Le piège du coup de com : l'illusion de l'effet waouh

Un événement bien monté, une campagne d'affichage sur la côte basque ou dans les Landes, un post viral sur les réseaux sociaux… Le coup de com fait briller votre organisation le temps d'un instant. C'est séduisant, c'est visible, et cela donne l'impression d'agir fort. Mais que reste-t-il trois semaines après ? Dans la mémoire de vos publics, souvent très peu.

Le cerveau humain fonctionne par répétition et par association. Une marque, une institution ou une association que l'on voit ou entend régulièrement s'installe progressivement dans l'esprit des gens. À l'inverse, un message isolé, aussi percutant soit-il, est rapidement noyé dans le flux d'informations quotidiennes. C'est ce que les spécialistes appellent l'effet de simple exposition : plus on est exposé à un message de manière régulière, plus on lui accorde de la confiance et de la valeur.

Pour une entreprise artisanale de Bayonne, une collectivité des Landes ou une association sportive du Pays Basque intérieur, investir dans un grand coup de com ponctuel revient souvent à remplir un tonneau percé : l'énergie et l'argent s'écoulent vite, sans laisser de trace durable.

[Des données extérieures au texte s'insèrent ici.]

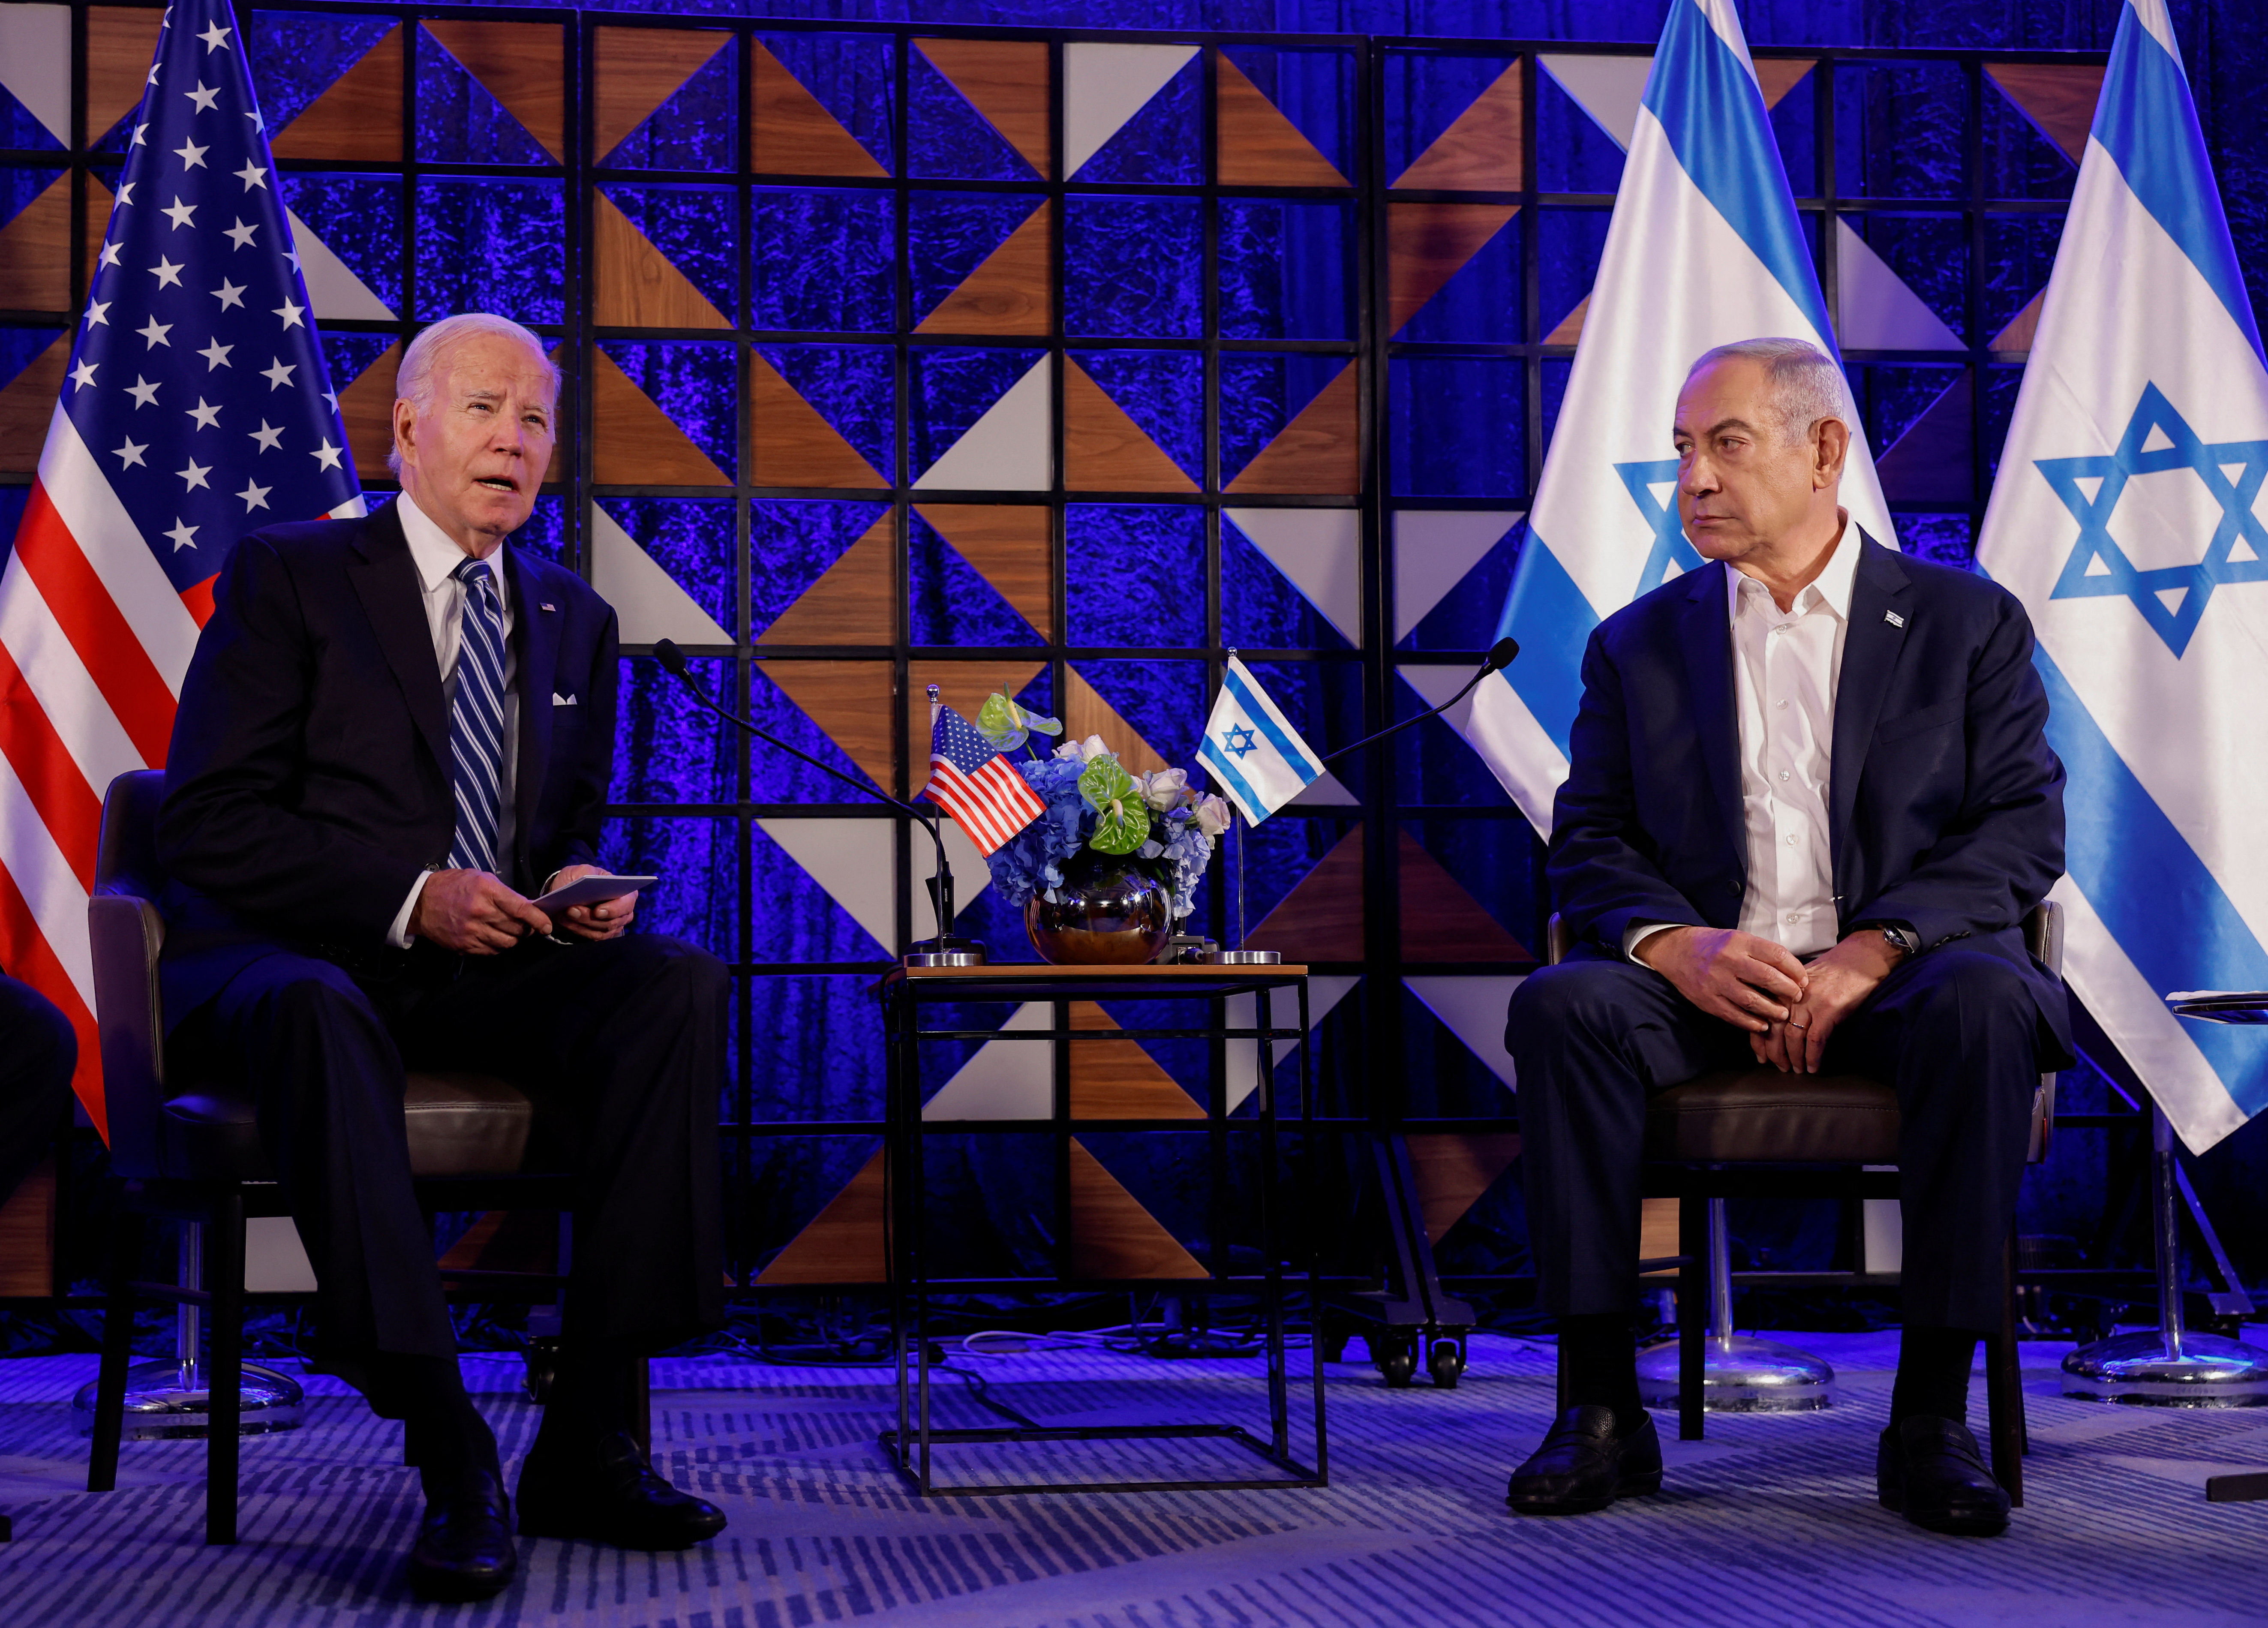 Biden lands in Israel, hugs Netanyahu and Herzog on tarmac | Reuters

La communication régulière : un investissement qui capitalise dans le temps

La communication régulière, c'est exactement l'inverse. Chaque contenu publié, chaque newsletter envoyée, chaque post partagé vient s'ajouter à un capital de visibilité et de confiance que vous construisez semaine après semaine. On parle de stratégie de contenu, de présence éditoriale, de relation continue avec vos audiences.

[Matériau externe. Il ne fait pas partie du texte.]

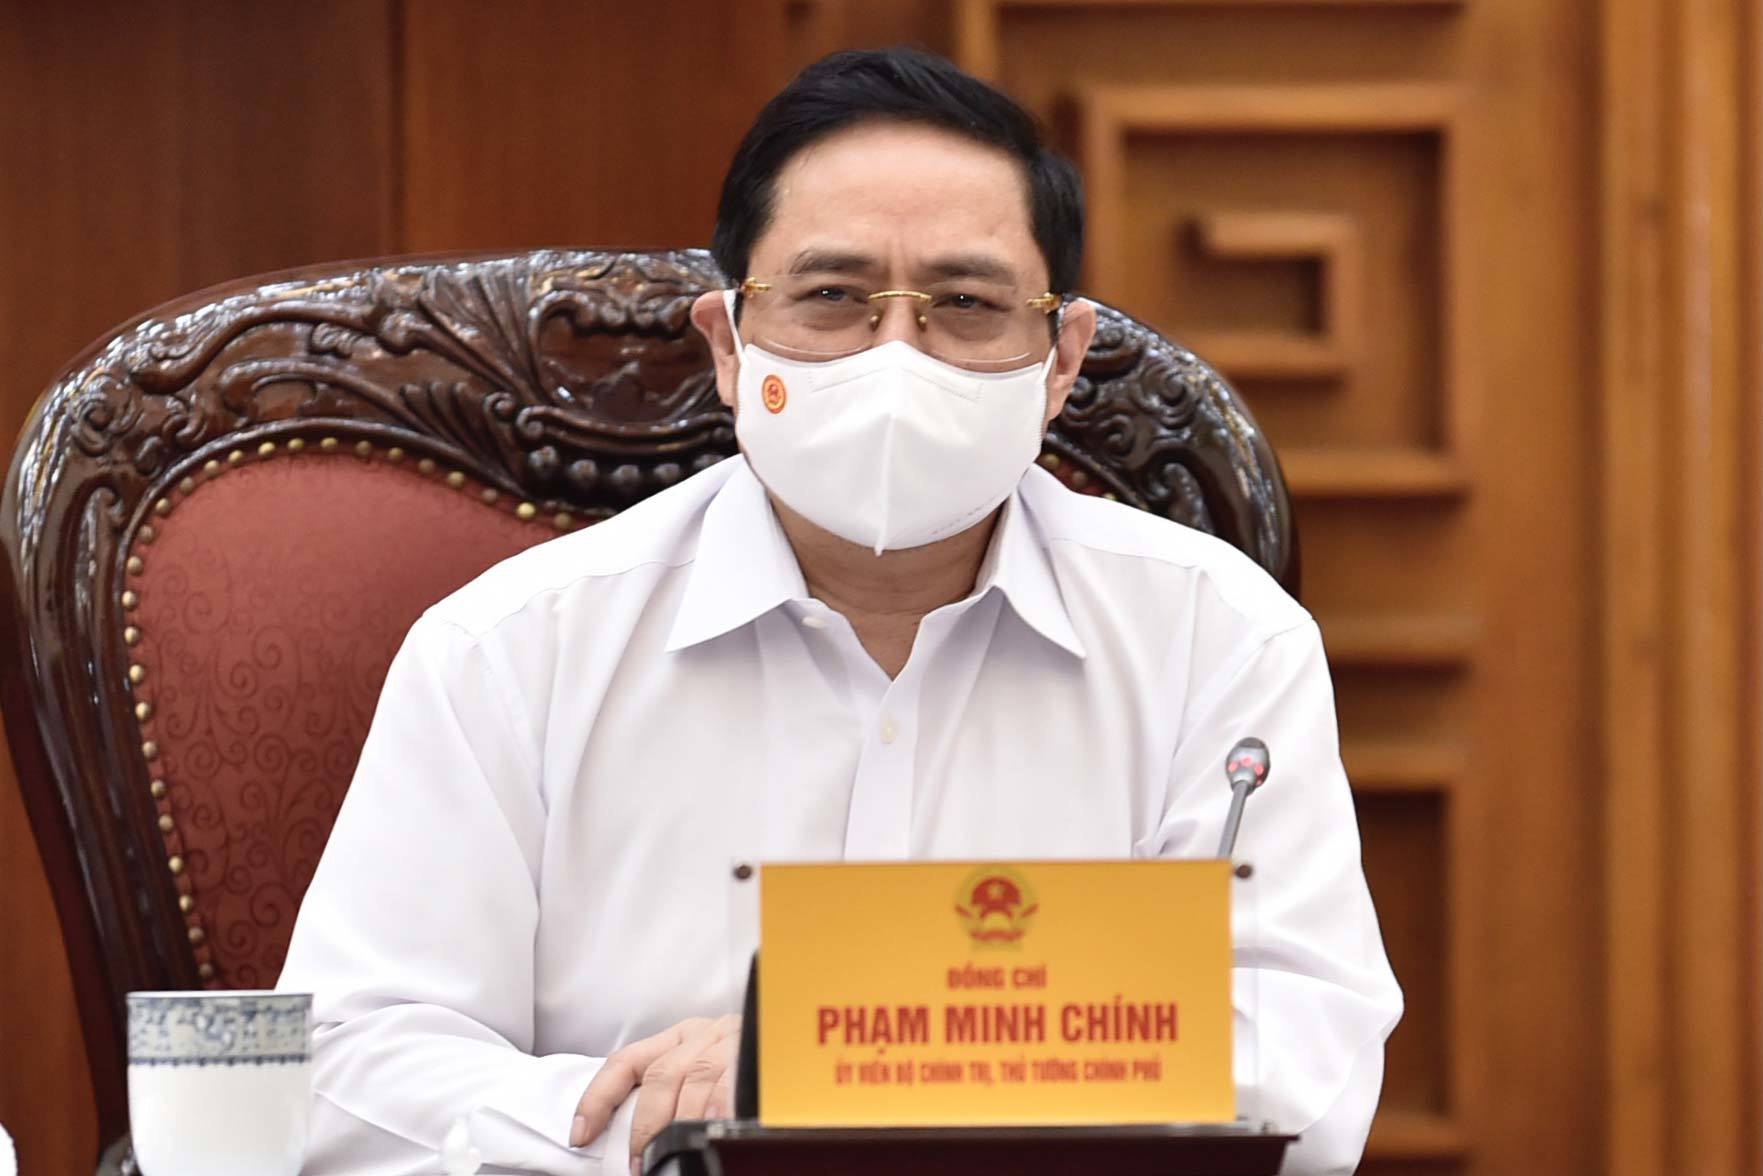 Prime Minister Pham Minh Chinh: Inspection for prevention, deterrence, fair handling before the law, serving development

Concrètement, voici ce que permet une communication planifiée et régulière :

Un artisan, un cabinet médical, une commune ou une fédération associative qui publie régulièrement sur ses réseaux, envoie une newsletter mensuelle et met à jour son site web construit, sur 12 mois, un actif communicationnel bien plus solide que celui qui mise tout sur un salon ou une campagne d'affichage annuelle.

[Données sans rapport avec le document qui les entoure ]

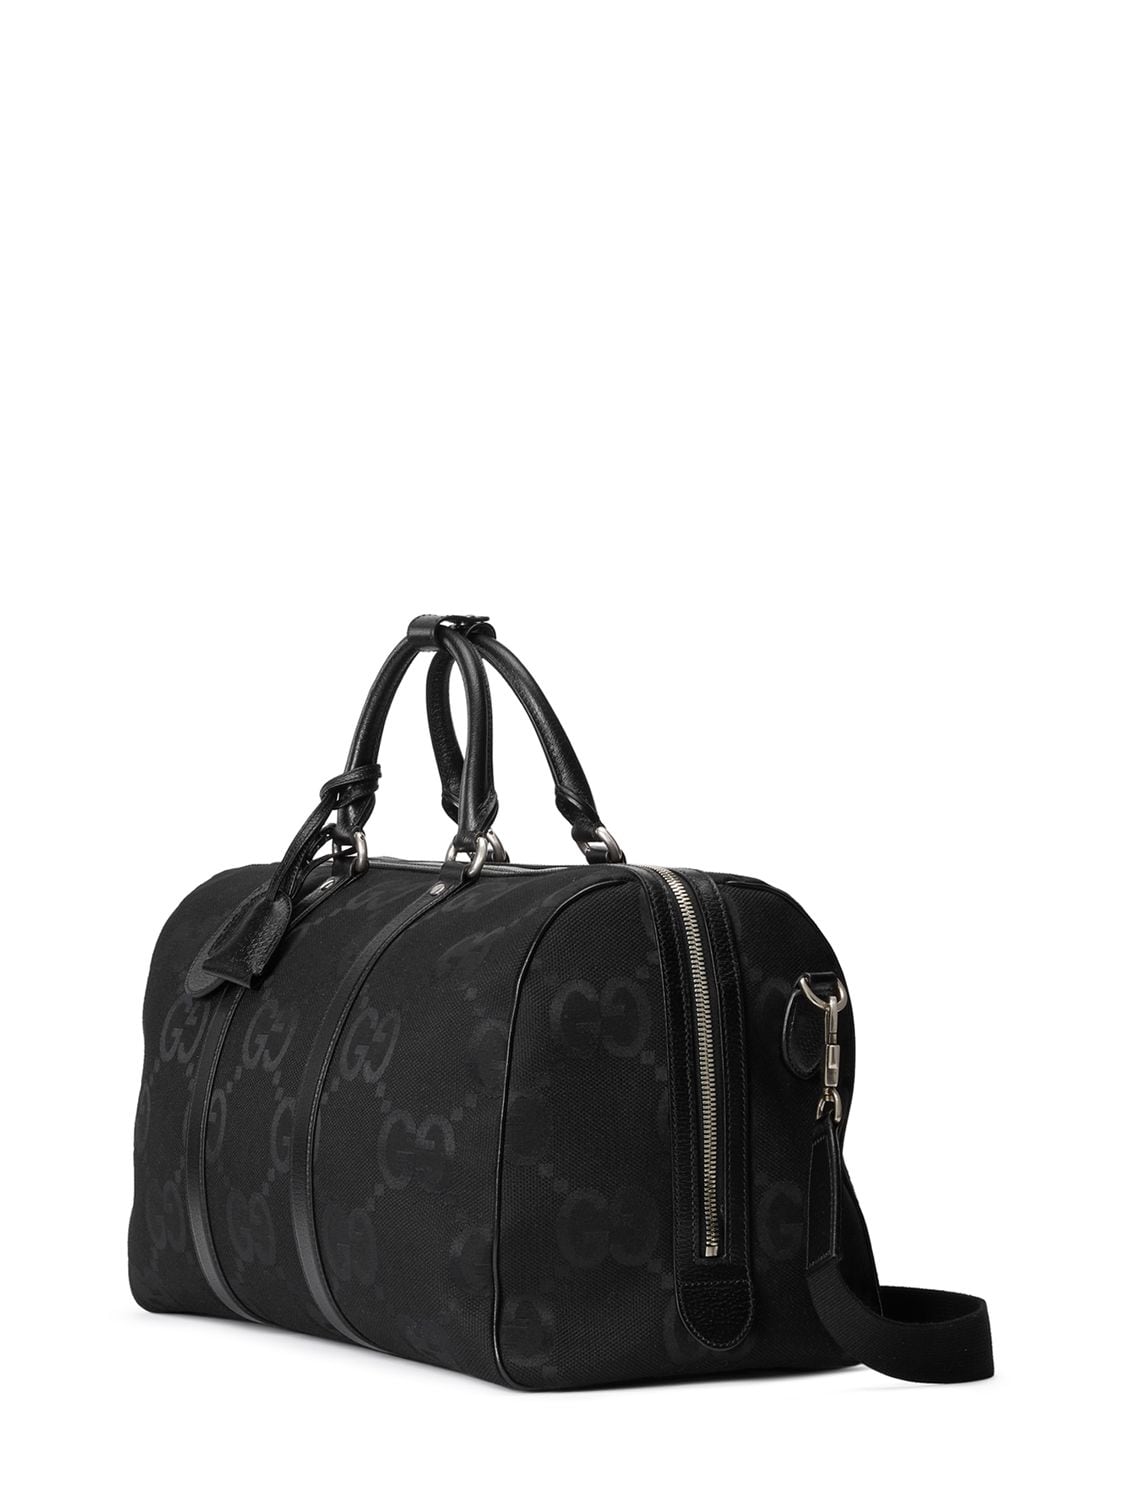 Jumbo GG large duffle bag in black canvas

Moins cher ? Vraiment ? Faisons le calcul

La question du budget est souvent l'argument principal en faveur du coup de com : « On n'a pas les moyens de communiquer toute l'année. » C'est un raisonnement compréhensible, mais qui mérite d'être challengé.

Un coup de com bien exécuté mobilise en réalité des ressources considérables : création graphique, achat d'espace, organisation logistique, relations presse… Le tout concentré sur une période courte, avec une pression forte et des coûts unitaires élevés. À budget équivalent, une stratégie de communication étalée sur l'année permet de produire davantage de contenus, de toucher vos audiences à plusieurs reprises et sur plusieurs canaux, et d'optimiser chaque euro dépensé.

Chez Begia, nous accompagnons des dirigeants de PME en Nouvelle-Aquitaine, des collectivités du Pays Basque et des associations landaises qui ont fait ce choix. Le constat est régulièrement le même : en passant d'une logique de coups de com à une logique de présence régulière, ils ont réduit leur stress communicationnel, mieux maîtrisé leurs dépenses et obtenu des résultats bien plus solides sur le long terme.

Par où commencer ? La clé, c'est la planification

Adopter une communication régulière ne signifie pas produire du contenu en masse ou être présent sur tous les canaux en même temps. Cela suppose avant tout de définir une stratégie claire : quels messages porter, auprès de quels publics, sur quels supports, à quelle fréquence réaliste ?

Un calendrier éditorial simple, construit sur trois mois, suffit pour démarrer. Il permet d'anticiper les temps forts de votre territoire — la saison estivale en Pays Basque, les foires agricoles des Landes, les échéances politiques pour les collectivités — et d'y associer des prises de parole cohérentes et préparées, plutôt que des réactions dans l'urgence.

La régularité, ce n'est pas la perfection. C'est la constance. Et c'est précisément cette constance qui, dans la durée, fait la différence entre une organisation que l'on connaît et une organisation que l'on a croisée une fois.